1.      C. TUJUAN PENULISAN

Adapun tujuan dari penyusunan makalah ini adalah :

1. Untuk memenuhi tugas makalah Hukum Dagang.


2. Mengetahui mengenai konsep kepailitan perusahaan dan penundaan pembayaran .

3. Mengetahui mengenai proses dijatuhkannya pailit.

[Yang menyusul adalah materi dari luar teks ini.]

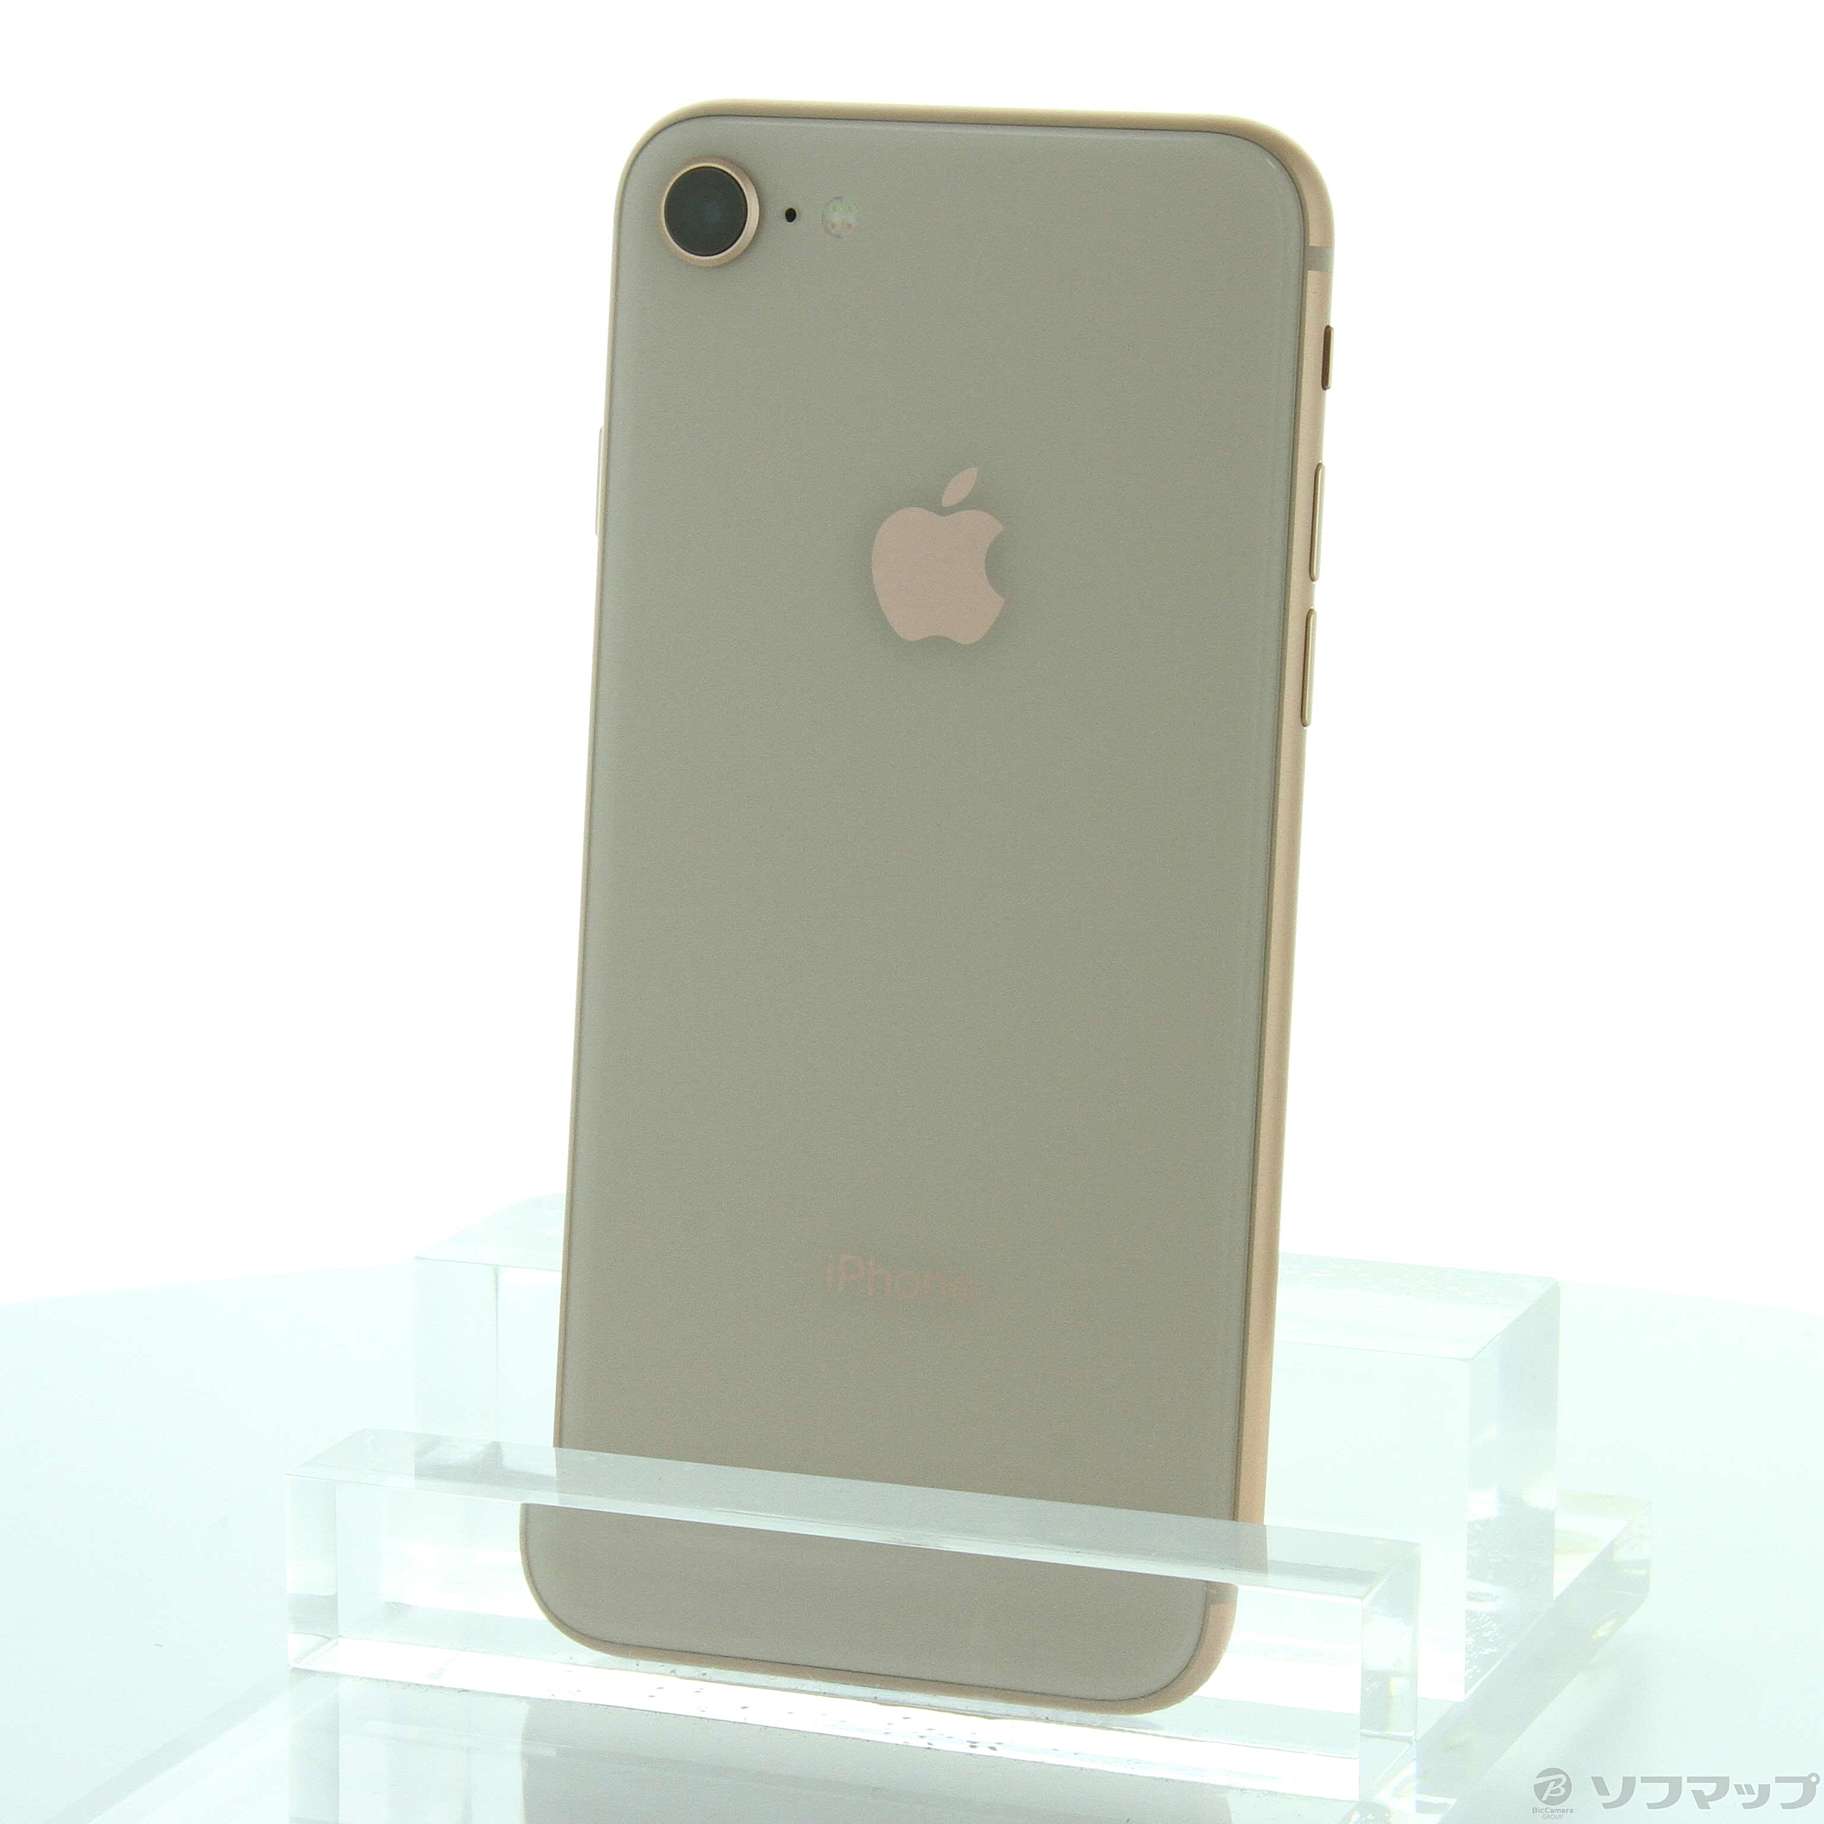 Apple アップル iPhone8 64GB ゴールド - スマートフォン本体

1.      D. METODOLOGI PENULISAN

Dalam penulisan ini penulis menggunakan metode/cara pengumpulan data atau informasi
melalui :

 Penelitian kepustakaan ( Library Research ) yaitu penelitian yang dilakukan melalui studi
literature, internet, dan sebagainya yang sesuai atau yang ada relevansinya dengan
masalah yang dibahas.

1.      E. SISTEMATIKA PENULISAN

Untuk mendapatkan gambaran yang jelas tentang penulisan ini, maka terlebih dahulu penulis
akan menguraikan penulisannya agar lebih mudah dipahami dalam memecahkan masalah yang
ada. Di dalam penulisan ini dibagi dalam 3 ( tiga ) bab yang terdiri dari :
BAB I        : Bab ini merupakan bab pendahuluan yang memuat latar belakang, rumusan masalah, tujuan
penulisan, metodologi penulisan dan sistematika penulisan.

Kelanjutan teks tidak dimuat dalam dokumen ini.